What a touching entry. Thank you for opening my eye to the woes that I never experienced. I pray for strength and happiness to you and all that face the same challenges.

A quote I found yesterday, 'If God brings you To it, He will bring you Through it' - Insha-Allah.

pah nur said...

The last writing that brought tears to my eyes was from Kathy Lette's "How to kill your husband (and other useful household hints). And now this. (But of coz I read mostly the boring stuff about life cycle of fungus and how to dope people out of their misery...nothing to cry about).

If you continue writing from your heart, which clearly what this piece is, it's okay for you to leave your day job :->

Truly a moving piece of writing and I can "bet my bottom ringgit" that it must have not been easy for you to write what you just wrote. (Unfortunately, I don't even "bet"). For that, I thank you for sharing.....

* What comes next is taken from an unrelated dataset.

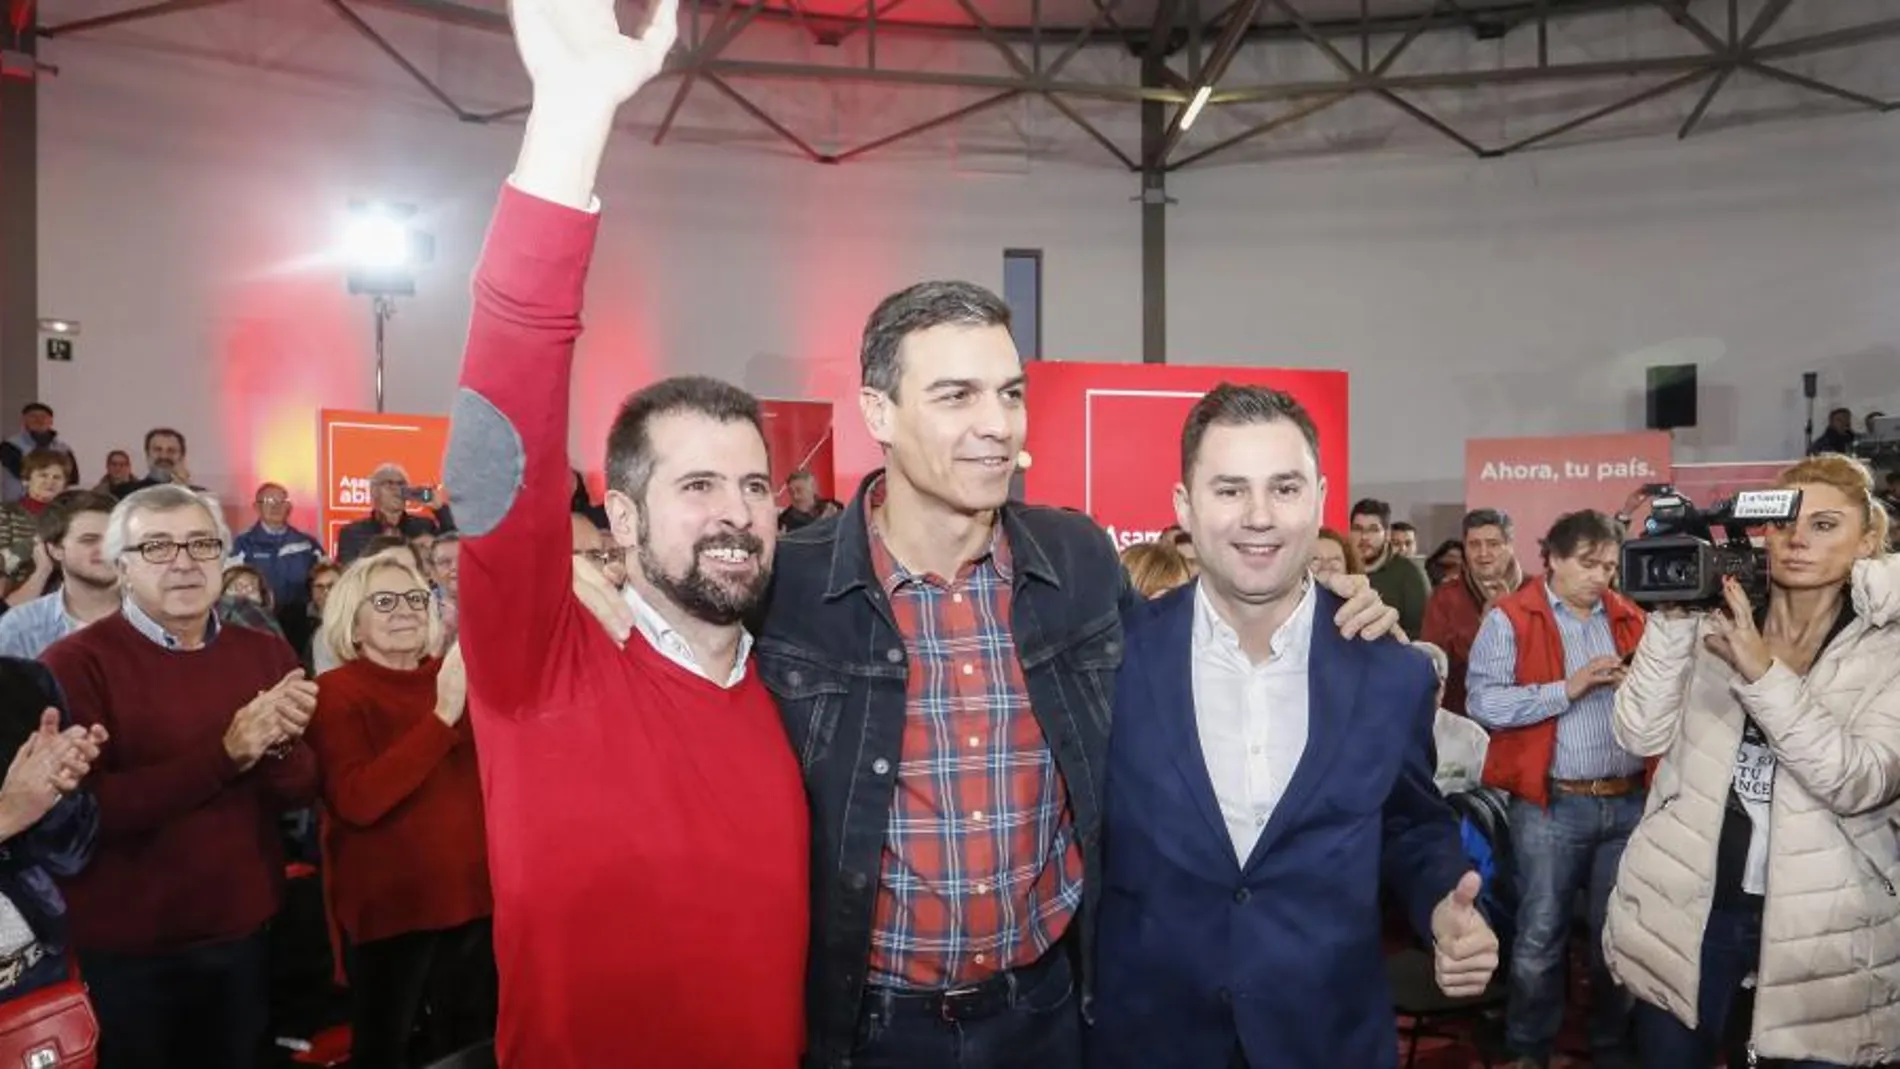 El secretario general del PSOE, Pedro Sánchez, interviene junto al autonómico, Luis Tudanca y el provincial, Javier Cendón, en la Asamblea Abierta de León

P/S you are an example of a person who determines his own destiny, learning from bad experiences to strive for a better outcome. If I were you, I'd go in front of the mirror and kiss yourself

Anonymous said...

Hi Anas,
Many children suffered because of the gambling habits of their parents. The worst thing is there is no help available any where for these children. For the few lucky one like you that did managed not to let it affect their life there are equal if not more that were unfortunate enough to suffer with no help in sight ( both physically and emotionally ).
I myself am a victim of such parents - I have a compulsive gambler mum that live and breath genting. Although I now have my own family the problem has not gone away, the emotional torture continues. I cry for myself and the many children caught in the web of legalized gambling in Malaysia.